- 2 mins
Given two sorted integer arrays nums1 and nums2, merge nums2 into nums1 as one sorted array.
Note:
Example:
Input:
nums1 = [1,2,3,0,0,0], m = 3
nums2 = [2,5,6], n = 3
Output: [1,2,2,3,5,6]
const merge = function (nums1, m, nums2, n) {
let first = m - 1;
let second = n - 1;
for (let i = m + n - 1; i >= 0; i--) {
if (second < 0) {
break;
}
if (nums1[first] > nums2[second]) {
nums1[i] = nums1[first];
first--;
} else {
nums1[i] = nums2[second];
second--;
}
}
};
Approach:
Start from back of nums1 and iterate through both lists backwards, putting the larger of nums1[m] and nums2[n] into the last element of nums1 so far. Starting from the back allows us to do this in one loop.

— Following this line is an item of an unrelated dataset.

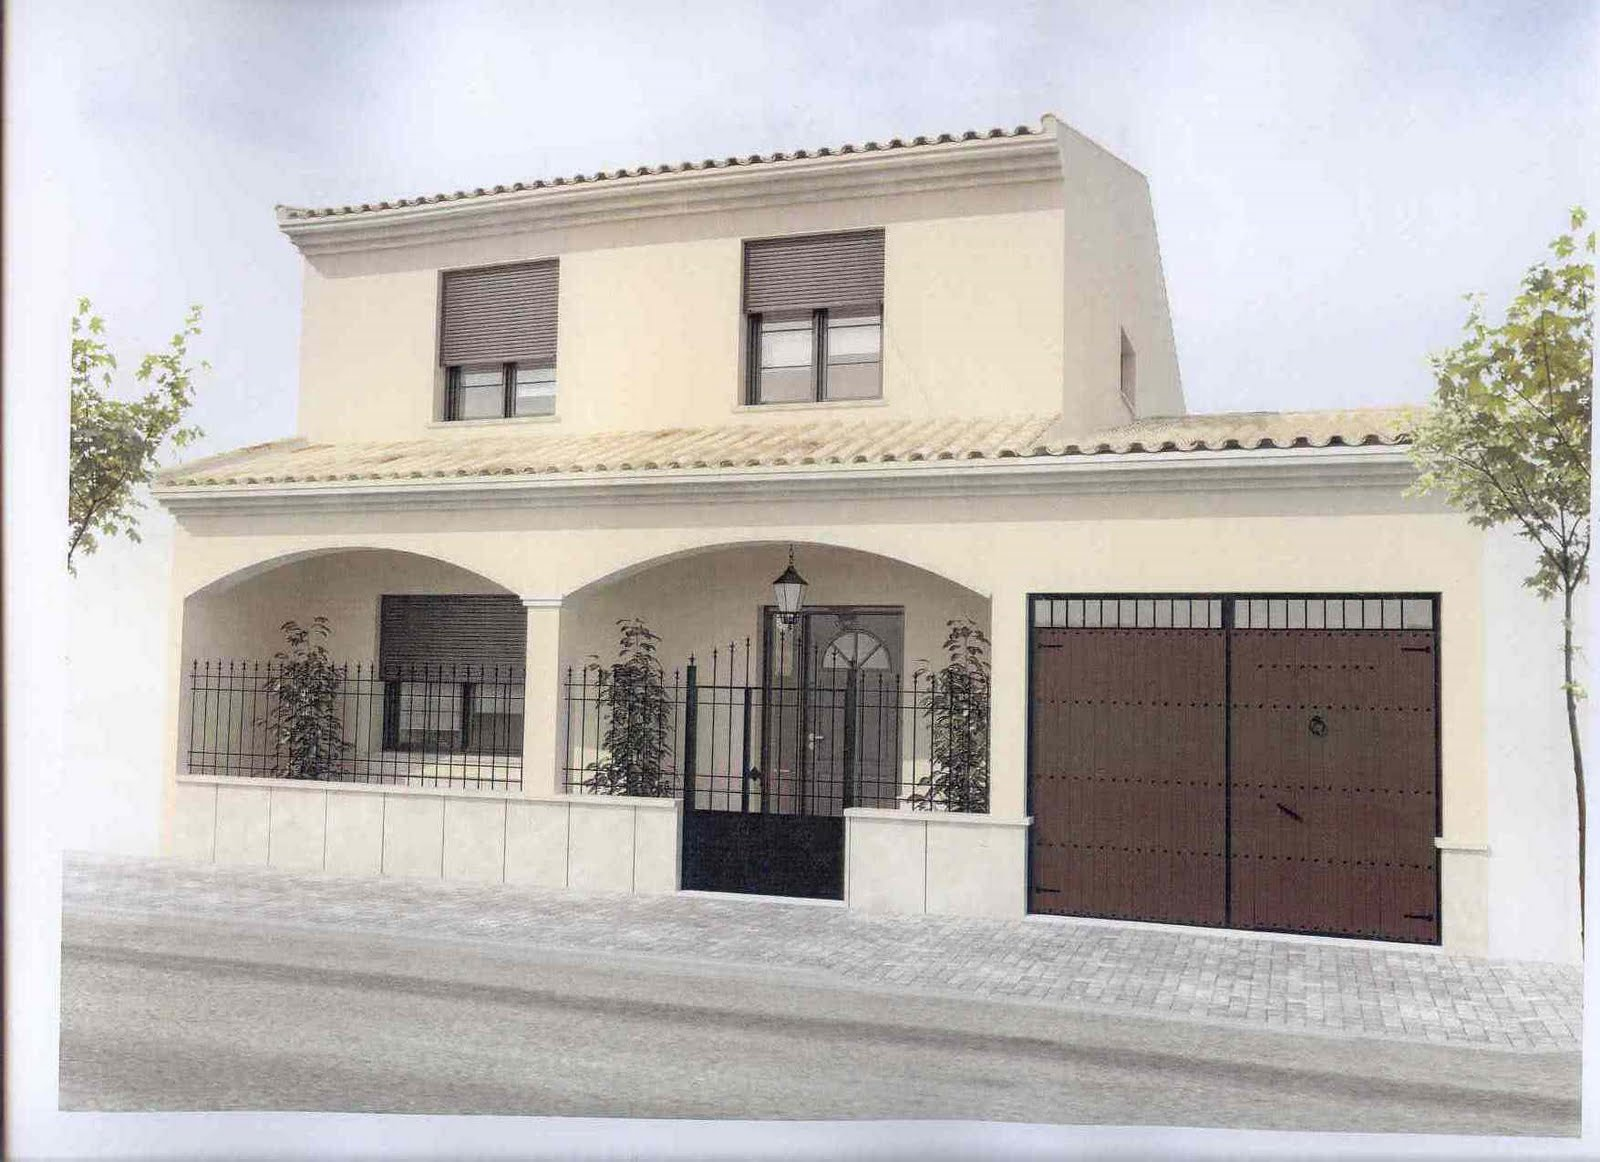 Materiales para fachadas exteriores de casas esta nota la - Materiales para fachadas exteriores ...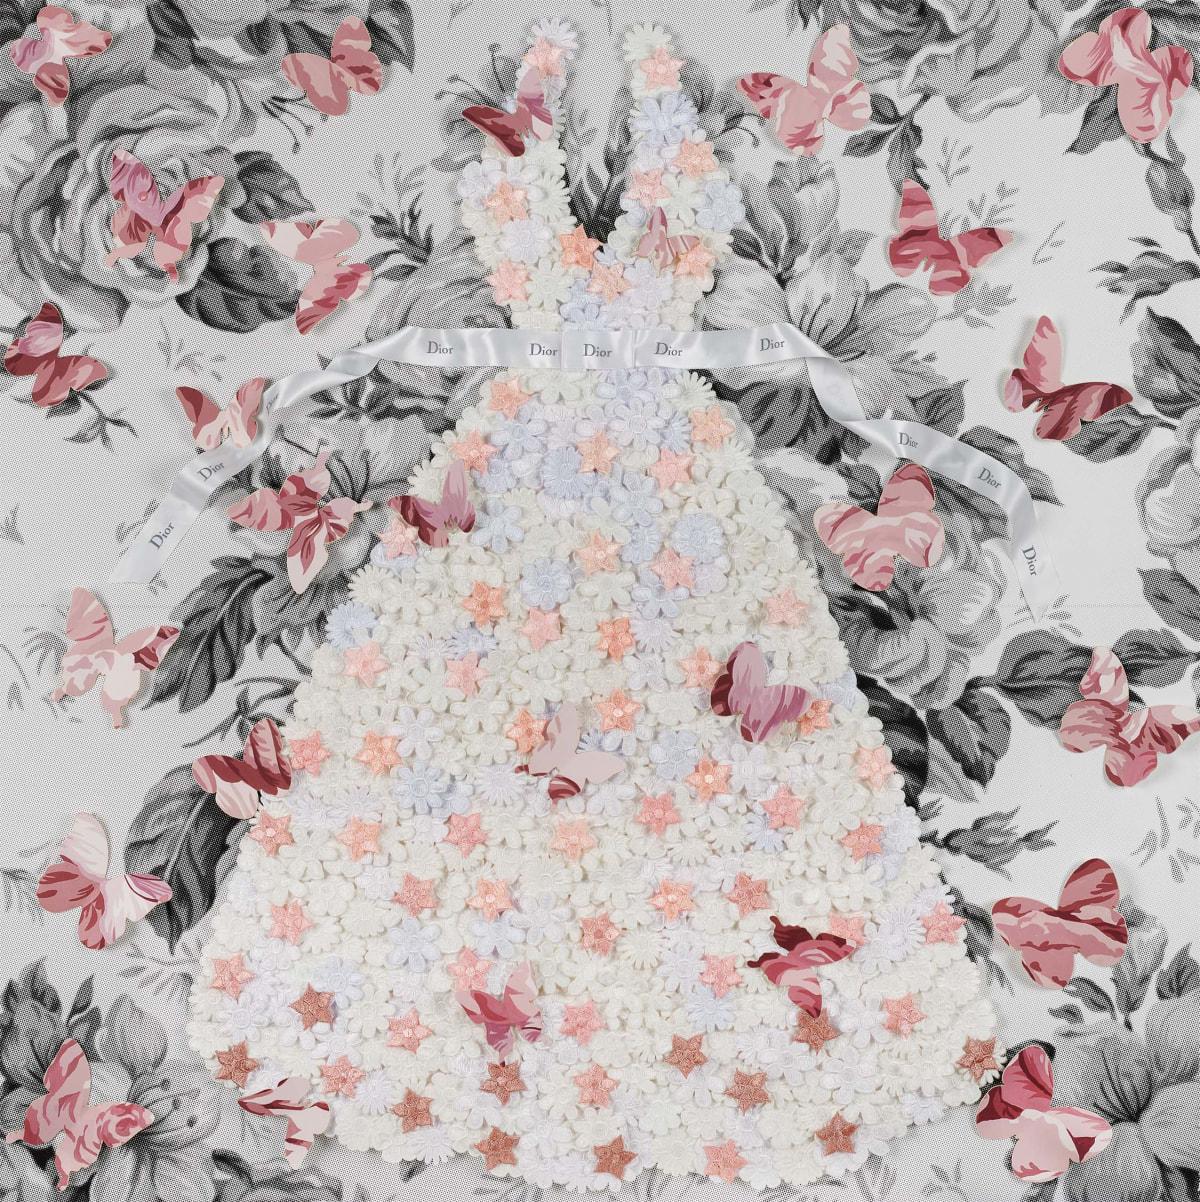 Stephen Wilson, Blushing Butterflies , 2019

Once an element is copied over, it is in it’s “final spot” in the sorted array, and will not move again.
The algorithm has a runtime of O(m+n) and space of O(1).
The latter is true because even though a variable is initialized, it is not a function of the inputs m or n.
Note: This could have been done without initializing ‘final’ at all, but it reads better with it.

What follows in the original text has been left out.